Many of my activities span several categories of scholarship, making it difficult to determine just which projects to list under the scholarship of discovery. This section describes some obvious research activities. My Ph.D. thesis, Equivariant CW Complexes and Cohomology, within the mathematical field of algebraic topology demonstrated one mechanism for extending the machinery of cohomology to a context where groups were acting on topological spaces. This work required the synthesis of many traditional topics from algebraic topology (e.g., topological spaces, simplicial complexes, CW complexes, groups, rings, functors, and homomorphisms) to a more general setting and discovered how to frame various details so they would exhibit specific, desired properties.

Similarly, my study of system administration for distributed database systems (1980-1981) provided a unified framework for considering issues which commonly arise.
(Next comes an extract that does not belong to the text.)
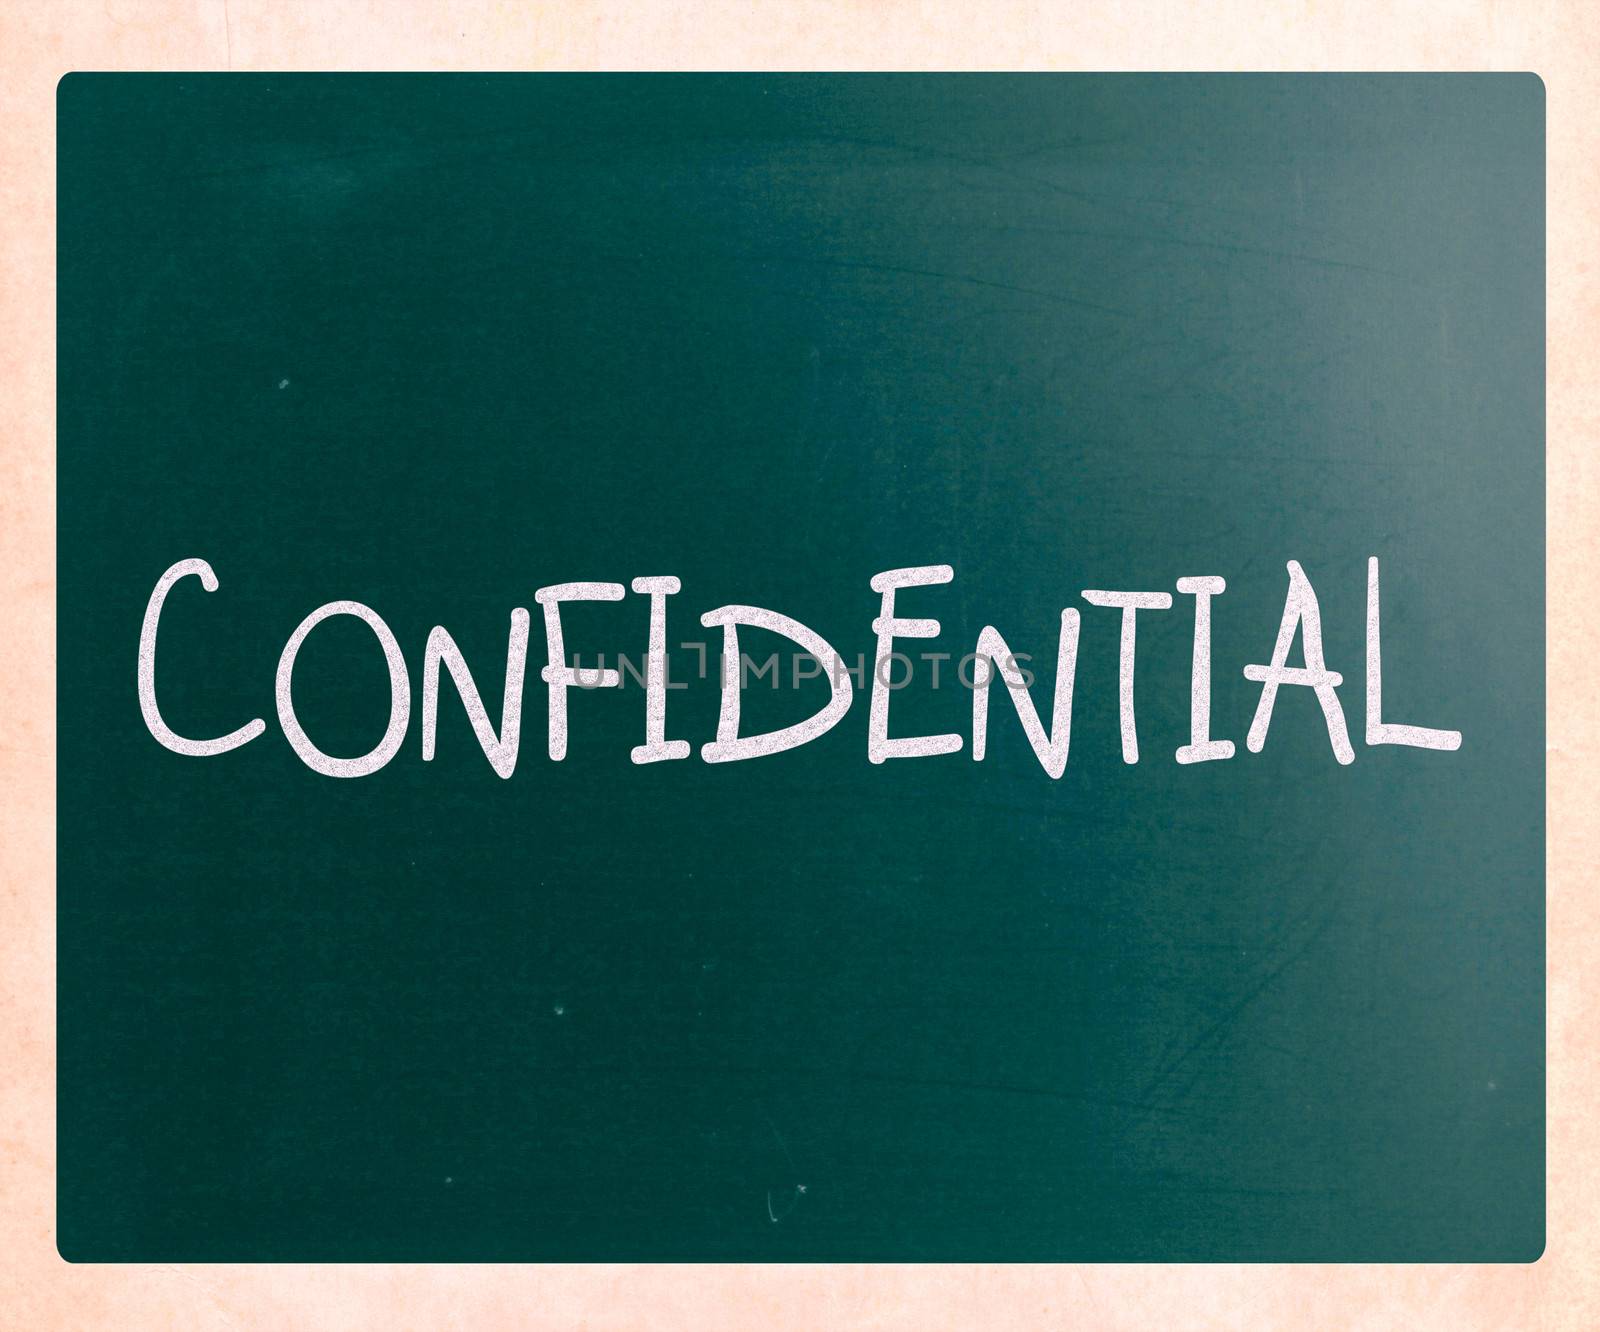 The word "Confidential" handwritten with white chalk on a blackboard

During my 1988-1989 sabbatical leave, my collaboration with Nell Dale led to a new categorization of abstract data types from a user's perspective.

In 2000-2002, When I served as Program Chair for SIGCSE 2000, I worked with two students to design and implement a statistical study to examine the natural variability of ratings of papers by referees. As part of the reviewing process for SIGCSE 2000, each of 10 papers was sent to about 100 referees. A statistical analysis provided some overall results concerning ratings variance, as well as the possible influence on scores of such factors as referee gender, subject familiarity, country of residence, role as both referee and author, and involvement in a group of referees. Additional analysis indicated the relative importance of such factors as technical content, writing, originality, and significance in the overall ratings. The students presented several conclusions at a poster at the ACM International Student Poster Contest at SIGCSE 2000, and a published paper followed in June 2002.
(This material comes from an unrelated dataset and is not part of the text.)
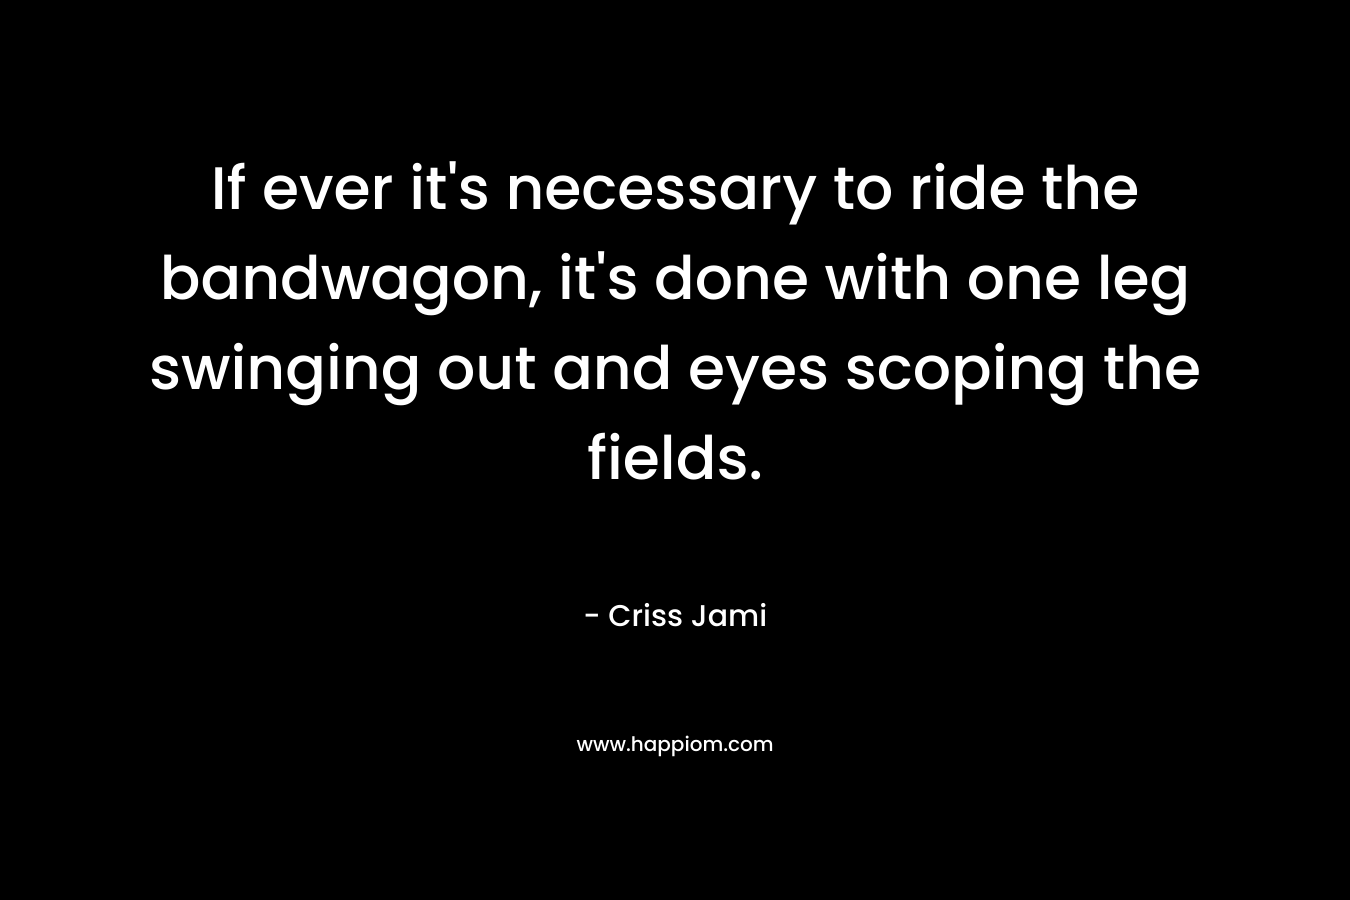 If ever it’s necessary to ride the bandwagon, it’s done with one leg swinging out and eyes scoping the fields. – Criss Jami

Most recently, my on-going experiments with collaborative pedagogies have demonstrated that such approaches allow the coverage of more material in a semester while maintaining or reducing drop-out rates from CS1 to CS2. Also, I have developed new models, involving student-faculty collaboration, for on-going course-development work. Traditionally, faculty develop courses with students as targets. In this new model, course development follows from a true collaboration between faculty and students, in which each team member provides vital perspectives and insights. Two papers, written by students and myself, have appeared on this approach, following a peer-review publishing process.
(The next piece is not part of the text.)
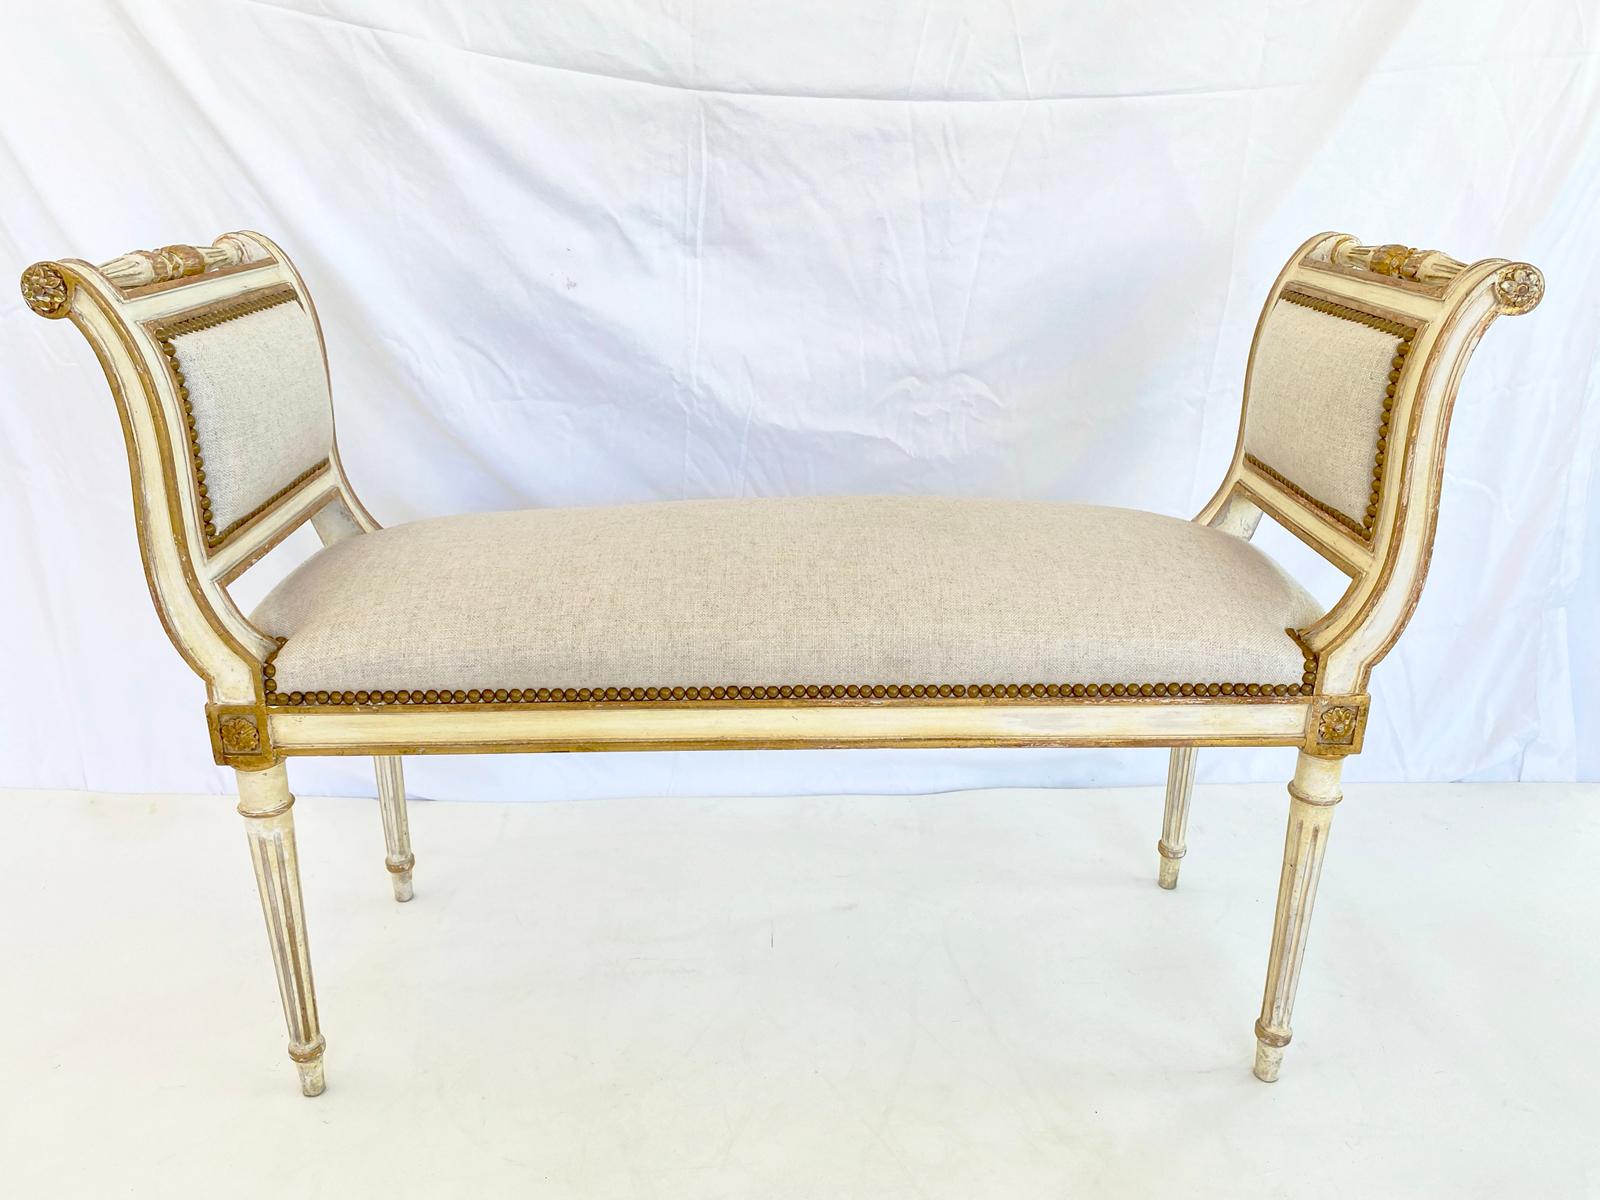 Painted and Parcel Gilt Louis XVI Style Window Seat Bench In Good Condition For Sale In West Palm Beach, FL

Scholarship of Application

In addition to applying computer science principles, algorithms, and methodologies to solve a variety of problems, I am quite proud that I have been able to include students in fundamental ways in several of my activities. Three large projects illustrate this work.

Details of each of these projects are described in several peer-reviewed papers published by myself and several student collaborators.

To summarize, the ACM Digital Library currently lists 132 of my articles and books. This material represents various combinations of teaching, scholarship, and service, covering a wide range of topics — often related to computing education.


  1. Boyer, Ernest L., Scholarship Reconsidered: Priorities of the Professoriate, The Carnegie Foundation for the Advancement of Teaching and Jossey-Bass, Inc. Publishers, 1990.

  2. Eighth AAHE Conference on Faculty Roles and Rewards, February 3-6, 2000, American Association for Higher Education, Call for Proposals and Participation.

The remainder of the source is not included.